A scrap buyer named Lanh, who makes money buying items from households and selling to recyclers, said she used to sell plastic bags to various recyclers at between VND4,000 (US$0.23) and VND5,000 ($0.29) per kilogram.
The price has dropped to VND2,000 ($0.12) recently and many of her buyers have stopped buying.
Le Van Khoa, director of the HCMC Waste Recycling Fund, said there had been no official research on the amount of used plastic bags being recycled.
But he said that until something was done soon, the millions of bags around the city and in landfills would continue building up.
“If there is no action taken to prevent the use of plastic bags, they’ll fill every corner of the city sooner than we think,” he said.
Buck doesn’t stop there
Additionally, many recyclers have been forced to move or close due to their own environmental violations.
They often emit toxic fumes and smoke into the air and neighbors constantly complain about the stench of the large quantities of plastic when the recyclers wash and dry the bags before processing them.
The Tan Thang area, which crosses over both Tan Phu and Binh Tan districts, used to be abundant with vegetables farms. But over the last few years, the site became popular with plastic bag recyclers who washed and dried their bags there before processing.
But now that the bags can’t be resold, the site has been abandoned and the plastic left to waste.
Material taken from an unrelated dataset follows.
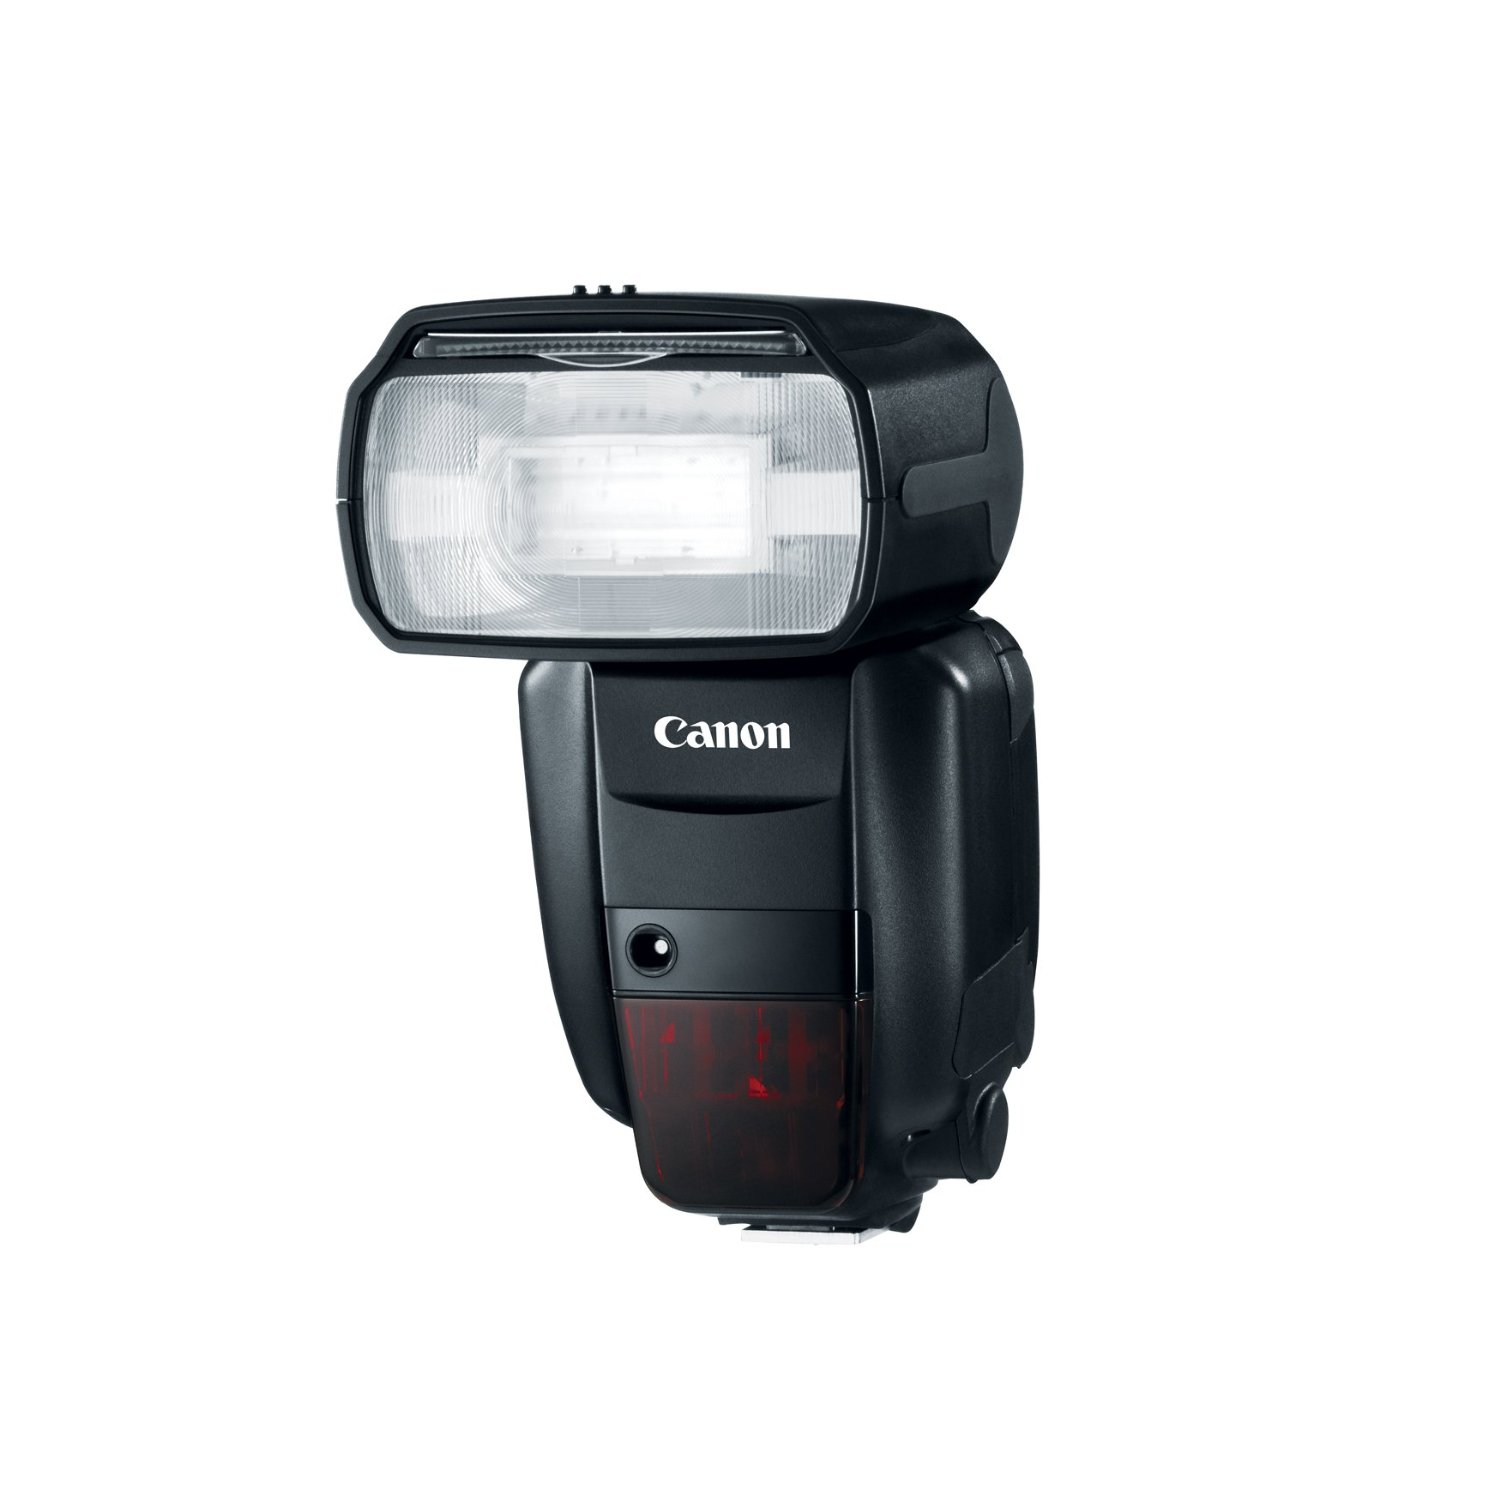 Canon Speedlite 600EX-RT Flash $449.00  +free shipping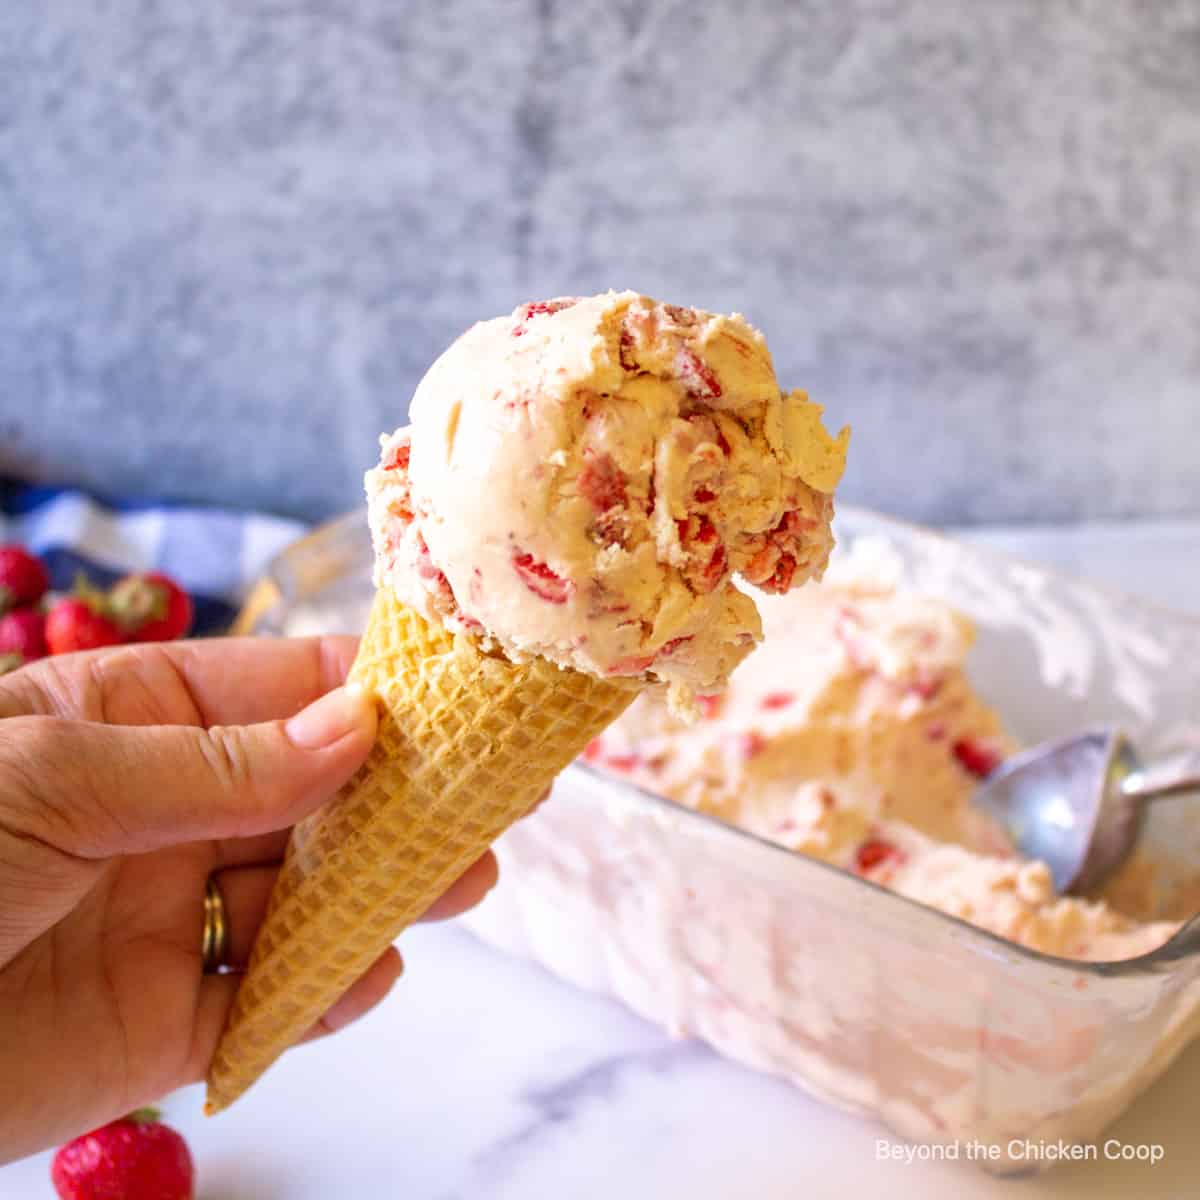 A scoop of ice cream on an ice cream cone.

The once lush gardens are now covered in thick layers of leftover bags.
The accumulation of plastic has even encouraged people to throw their other trash and garbage there and Tan Thang is now a de-facto, unregulated dump.
An example to follow ?
In a story that could prove relevant to Ho Chi Minh City authorities’ efforts to stem the problem, Mexico City legislators have just approved a bill that would put store operators in jail or slap them with nearly $75,000 fines for giving out plastic bags, according to an Associated Press report posted on the International Herald Tribune’s website Wednesday.
The measure would not include biodegradable plastic bags and businesses would have one year to adapt to the law, said the report.
The average capital city resident used some 288 plastic bags per year, said a press statement issued by the city legislature Tuesday.
The city's landfills are full and the streets littered with plastic bags, according to the report.